Open Access Journals are often referred to as "Gold" OA.
In the gold OA model, the [journal] publisher makes all articles and related content available for free immediately on the journal's website. In such publications, articles are licensed for sharing and reuse via Creative Commons licenses or similar.
Aspects of Gold OA (from Peter Suber):
- OA journals conduct peer review.
- OA journals find it easier than non-OA journals to let authors retain copyright.
- OA journals find it easier than OA repositories to provide libre OA. OA repositories cannot usually generate permission for libre OA on their own. But OA journals can.
- Some OA journal publishers are non-profit (e.g. Public Library of Science or PLoS) and some are for-profit (e.g. BioMed Central or BMC).
- OA journals pay their bills very much the way broadcast television and radio stations do: those with an interest in disseminating the content pay the production costs upfront so that access can be free of charge for everyone with the right equipment. Sometimes this means that journals have a subsidy from a university or professional society. Sometimes it means that journals charge a publication fee on accepted articles, to be paid by the author or the author's sponsor (employer, funding agency). OA journals that charge publication fees usually waive them in cases of economic hardship. OA journals with institutional subsidies tend to charge no publcation fees. OA journals can get by on lower subsidies or fees if they have income from other publications, advertising, priced add-ons, or auxiliary services. Some institutions and consortia arrange fee discounts. Some OA publishers (such as BMC and PLoS) waive the fee for all researchers affiliated with institutions that have purchased an annual membership.
- A common misunderstanding is that all OA journals use an "author pays" business model. There are two mistakes here. The first is to assume that there is only one business model for OA journals, when there are many. The second is to assume that charging an upfront fee is an "author pays" model. In fact, most OA journals (70%) charge no author-side fees at all. Moreover, most conventional or non-OA journals (75%) do charge author-side fees.
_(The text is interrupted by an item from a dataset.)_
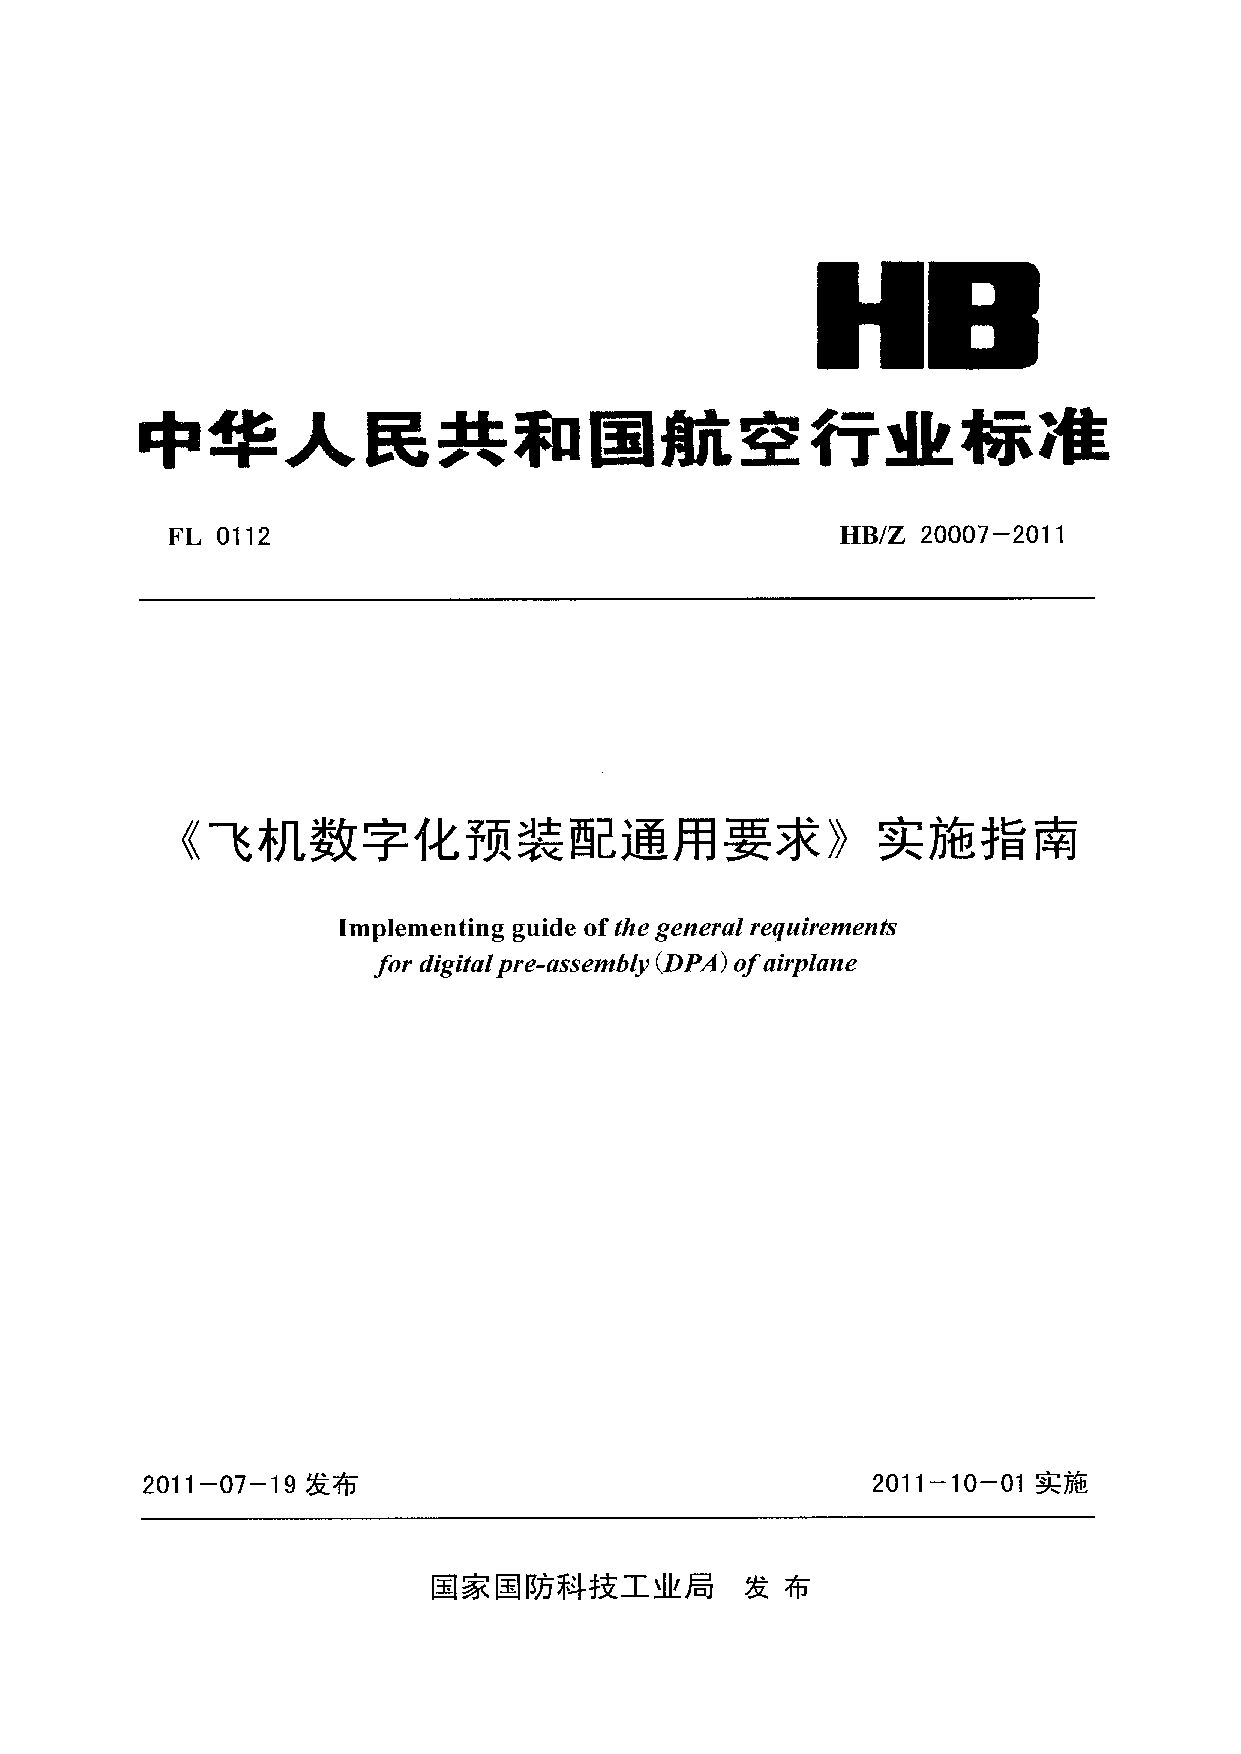 HB/Z 20007-2011封面图
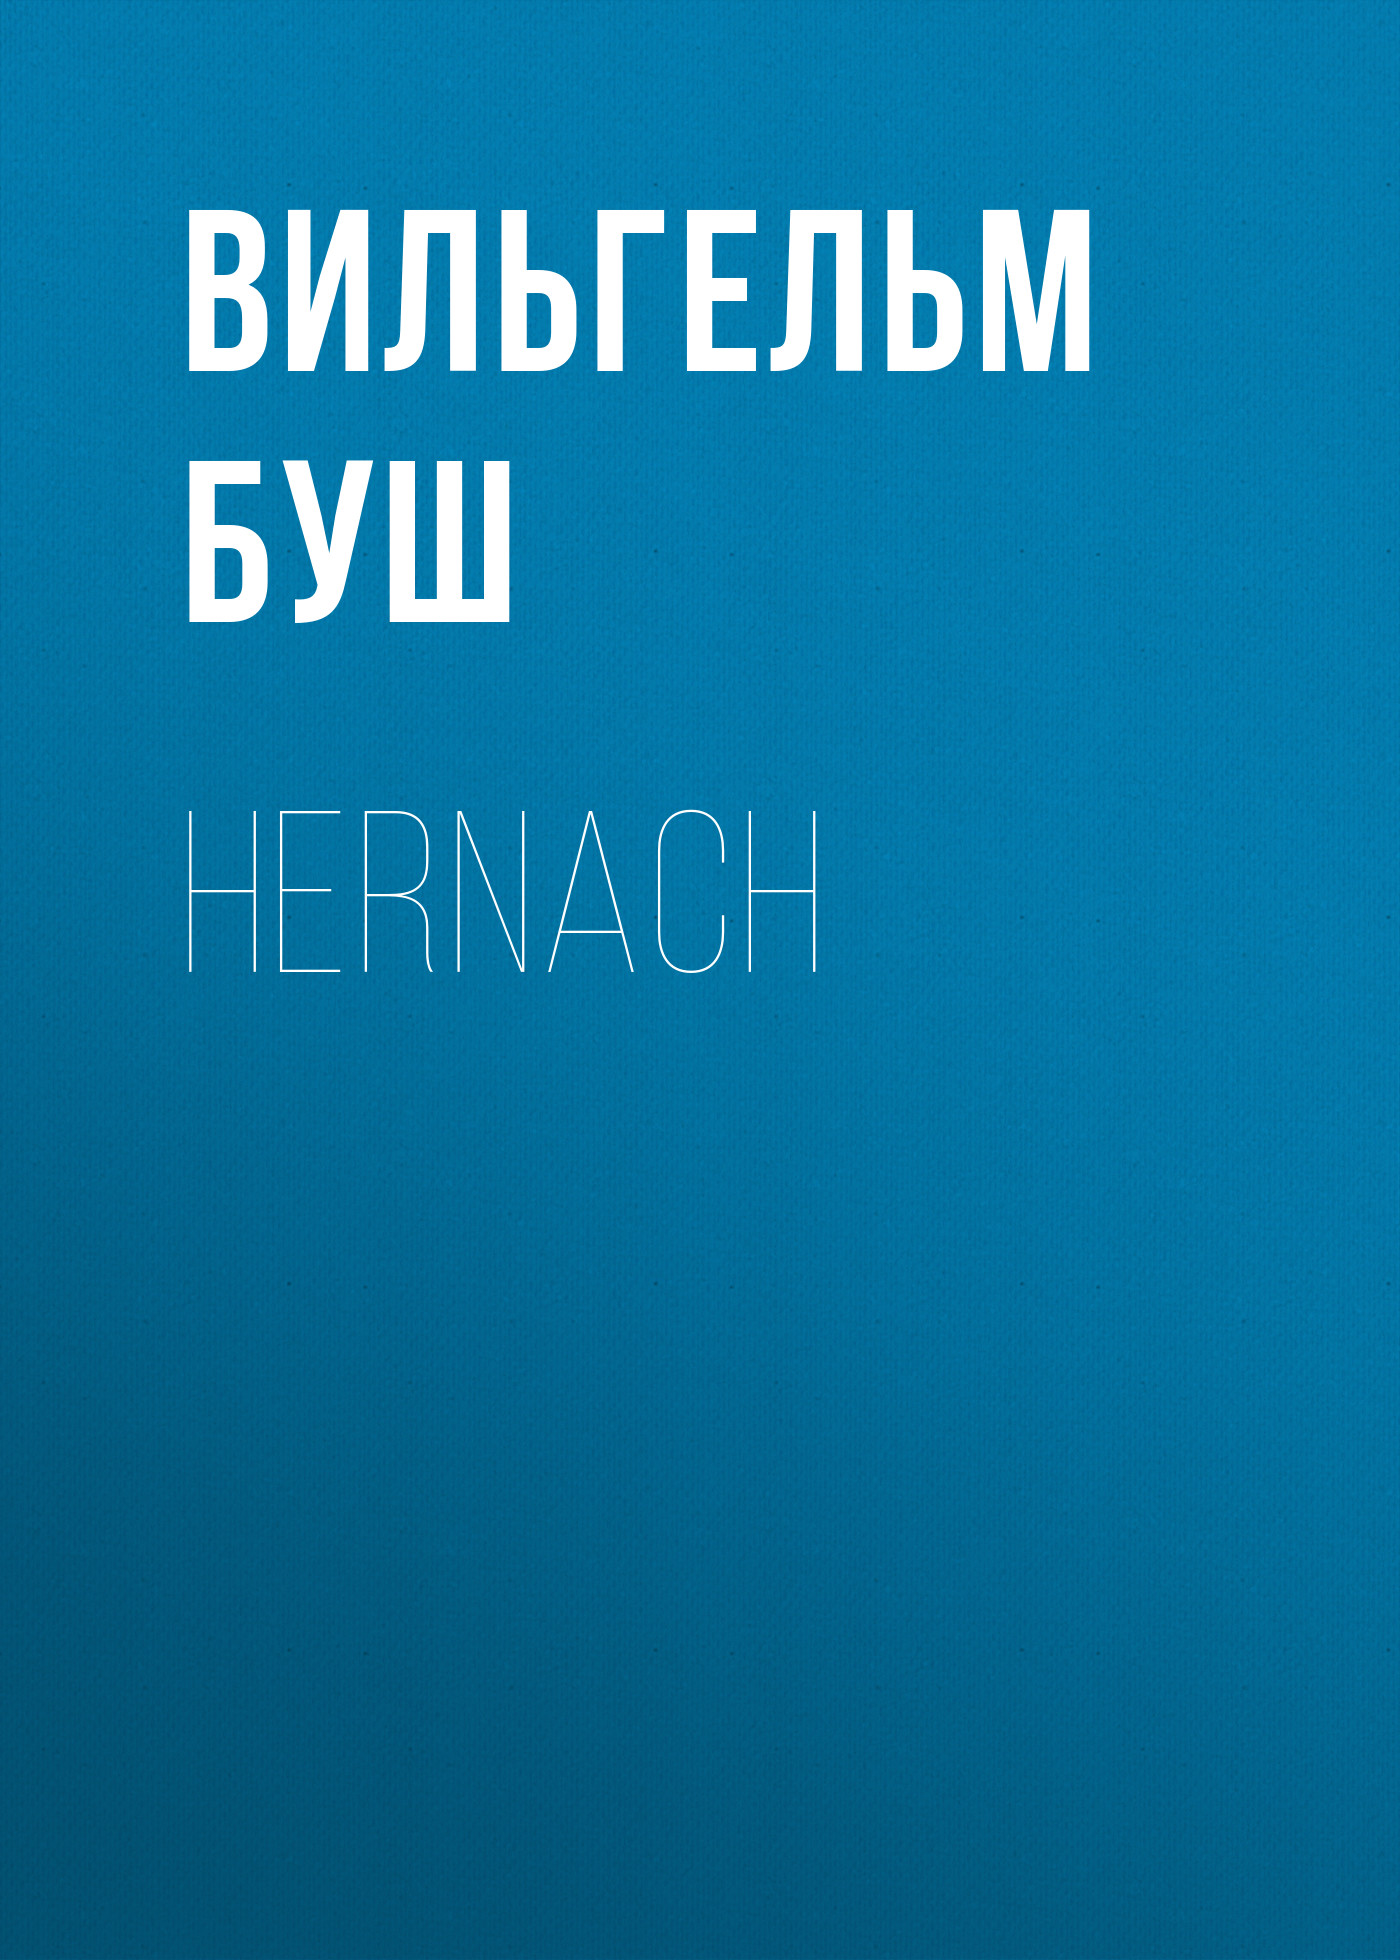 Книга Hernach из серии , созданная Вильгельм Буш, может относится к жанру Зарубежная классика, Зарубежная старинная литература. Стоимость электронной книги Hernach с идентификатором 34843086 составляет 0 руб.

When OA journals do charge fees, the fees are usually (88%) paid by author-sponsors (employers or funders) or waived, not paid by authors out of pocket.
- A growing number of universities maintain funds to pay publication fees on behalf of faculty who choose to publish in fee-based OA journals.
- Some OA proponents use a color code to classify journals: gold (provides OA to its peer-reviewed research articles, without delay), green (permits authors to deposit their peer-reviewed manuscripts in OA repositories), pale green (permits, i.e. doesn't oppose, preprint archiving by authors), gray (none of the above).